Prodis HQ in Terrassa (Barcelona)
Harquitectes 

Prodis HQ in Terrassa (Barcelona)

Harquitectes 


The new headquarters of Prodis, an organization devoted to assisting and promoting adults with intellectual disabilities, is located in old industrial buildings of Filatures Matarí, within the Vapor Cortès complex, in Terrassa’s Ca n’Aurell neighborhood.

With a built area of 3,842 square meters, the complex in the shape of a comb (warehouse-street-warehouse) presents a perimetral structure of loadbearing walls of ceramic brick, following a regular rhythm of pilasters and openings every 3 meters. The 12-meter span of the buildings is resolved through timber trusses that keep up the same rhythm as the pilasters. The roof is defined by the traditional structure of wooden straps and battens topped with Arabic tiles.

The first step was recovering of the street between the two naves. The floor slabs and the roof of the central volume were eliminated, maintaining the facades and the beams. To connect the two ends of the passage and resolve the grade difference, a terracing or stairway appears in the final section, thus also giving access to the complementary programs on the lower level.

Along the two naves, the various spaces are organized, combining the main uses (workshops, training classrooms, kitchens, dining rooms) with auxiliary ones (bathrooms, meeting rooms, storerooms).
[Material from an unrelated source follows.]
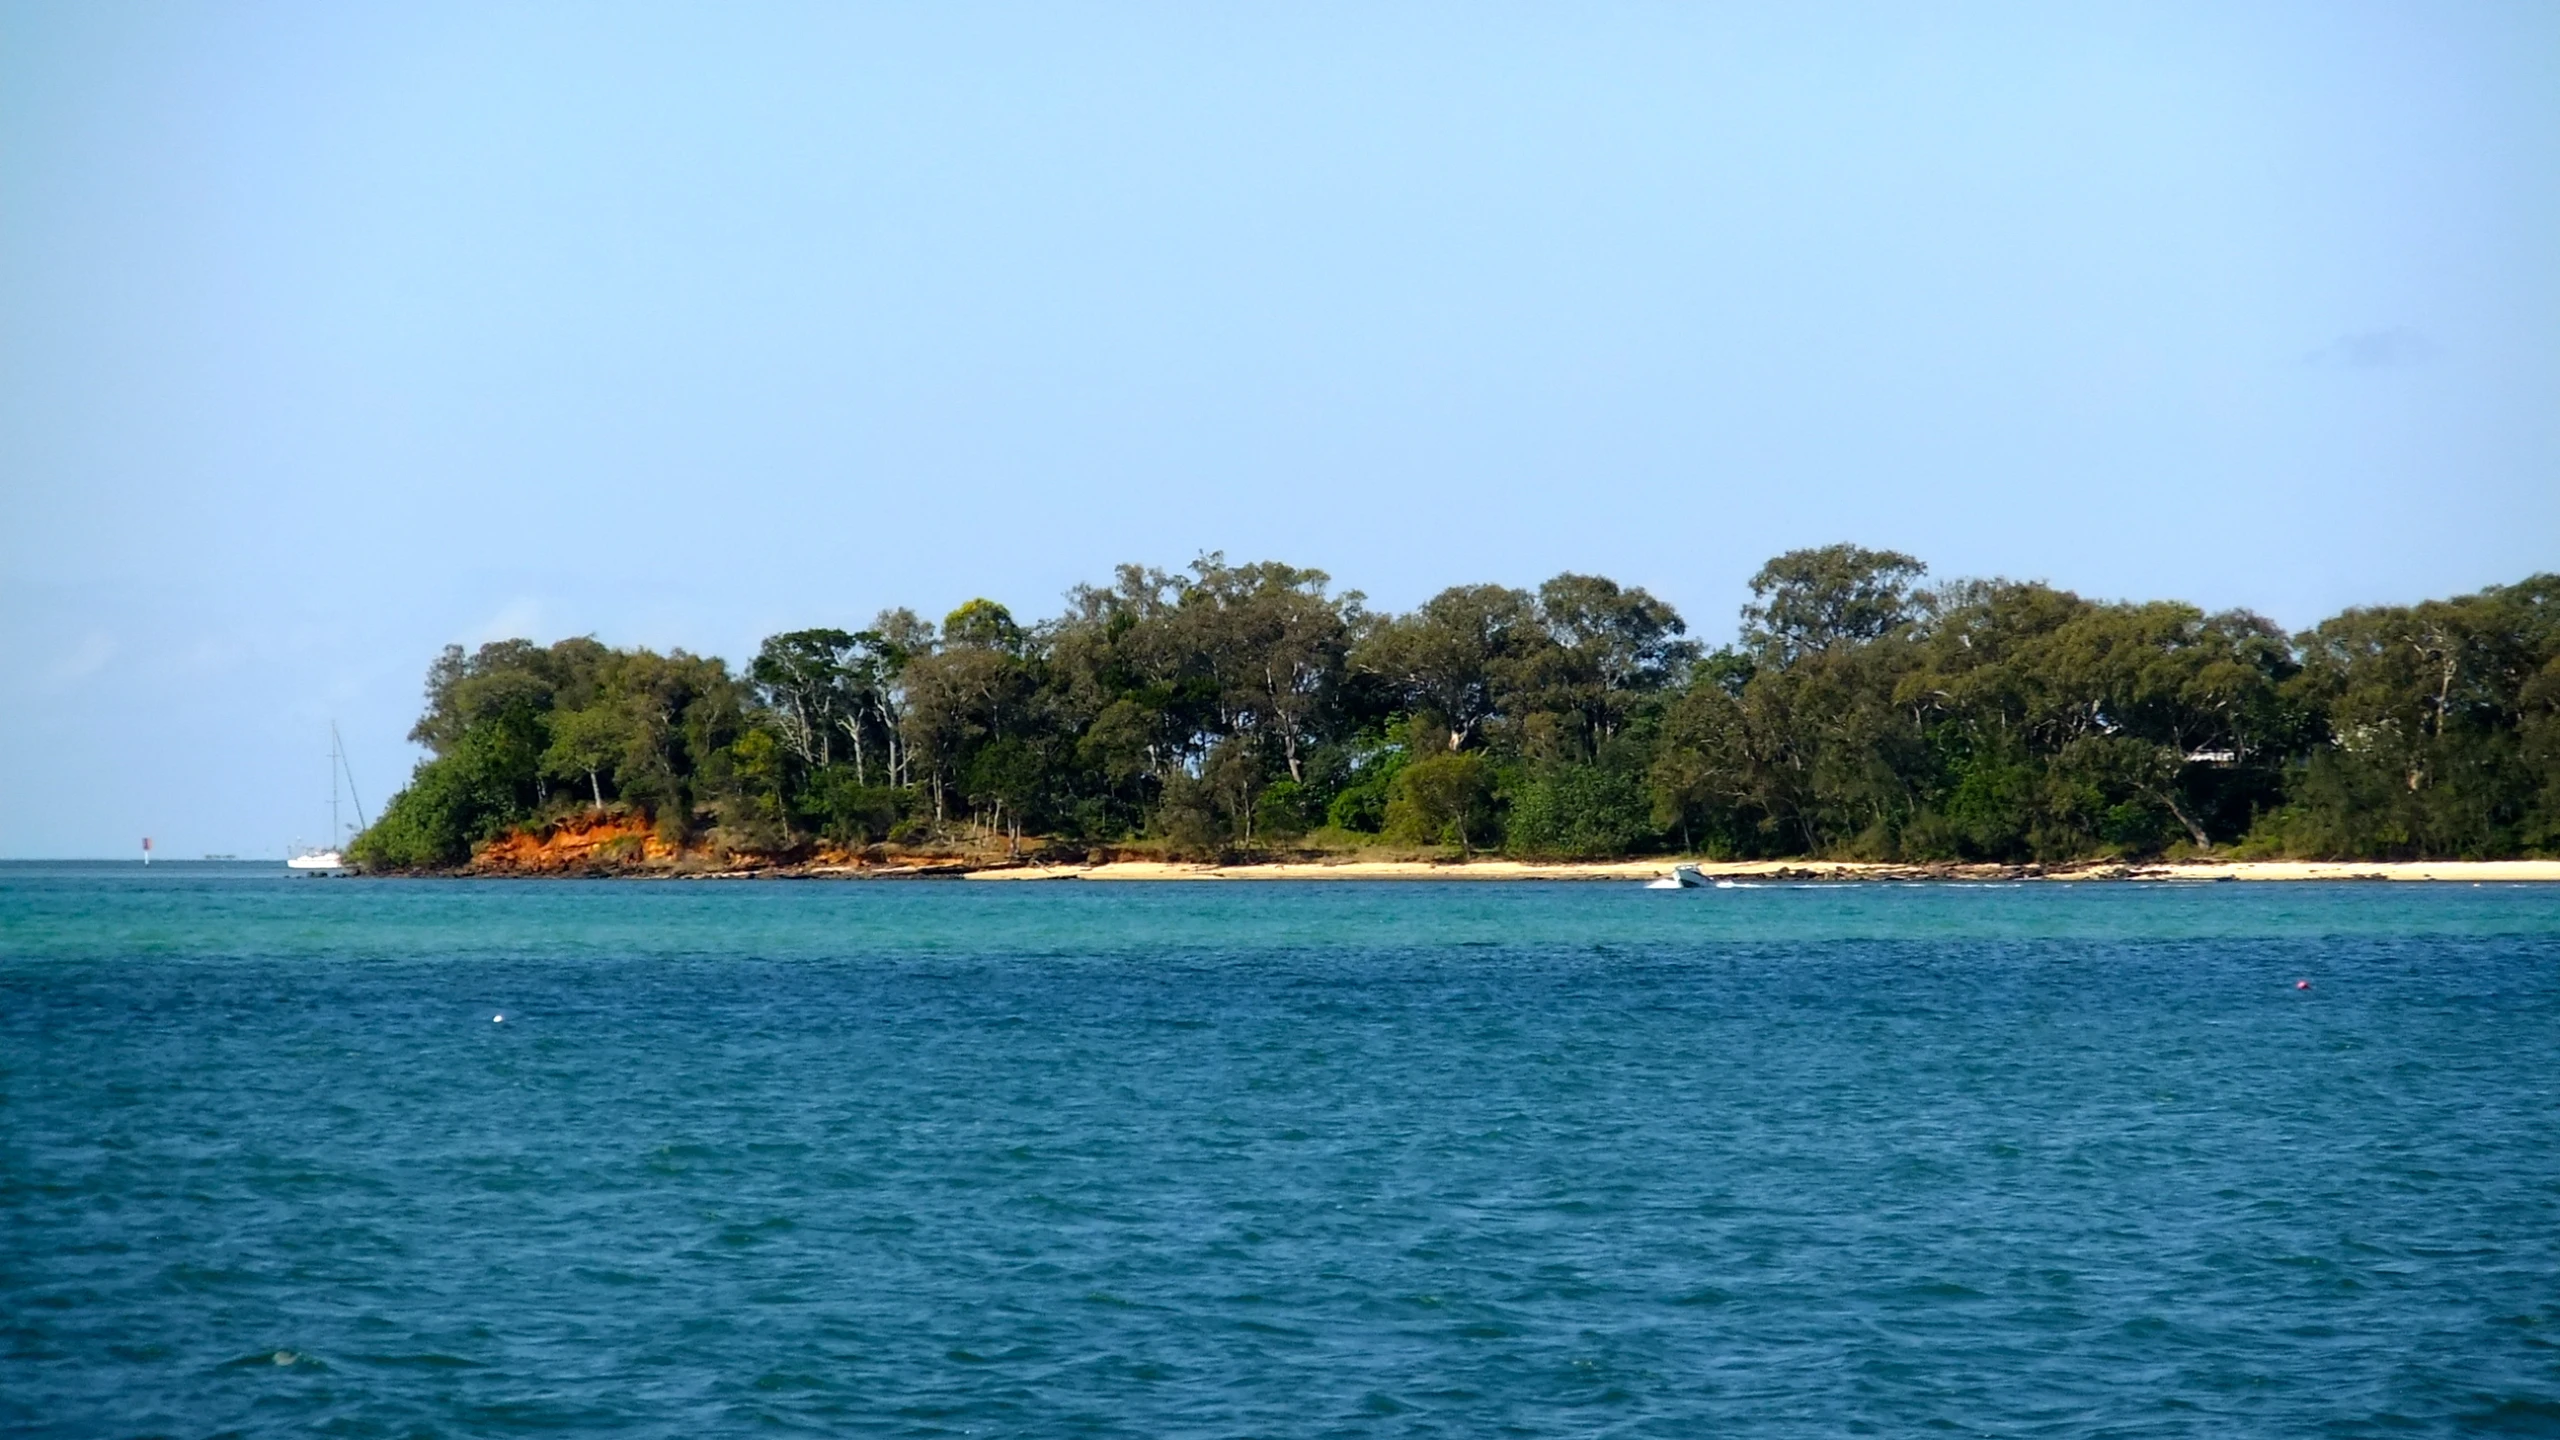 a small island with several trees in the middle

New beams perpendicular to the preexisting structures turn the original unidirectional system into a bidirectional structure where the new beams reduce the span of the old ones. The intersections between new and old structures allow the space to be hierarchized. The opaque boxes contain the closed programs and bear the weight of the new beams, which in turn hold up the original trusses. At the crossing between the existing trusses and the new beams are the light boxes, skylights illuminating the center of the main spaces.

The project creates a characteristic intricate texture of wooden slats of differing dimensions. The new beams, closed boxes, and skylights continue the wood-wood overlap of the room’s constructive system.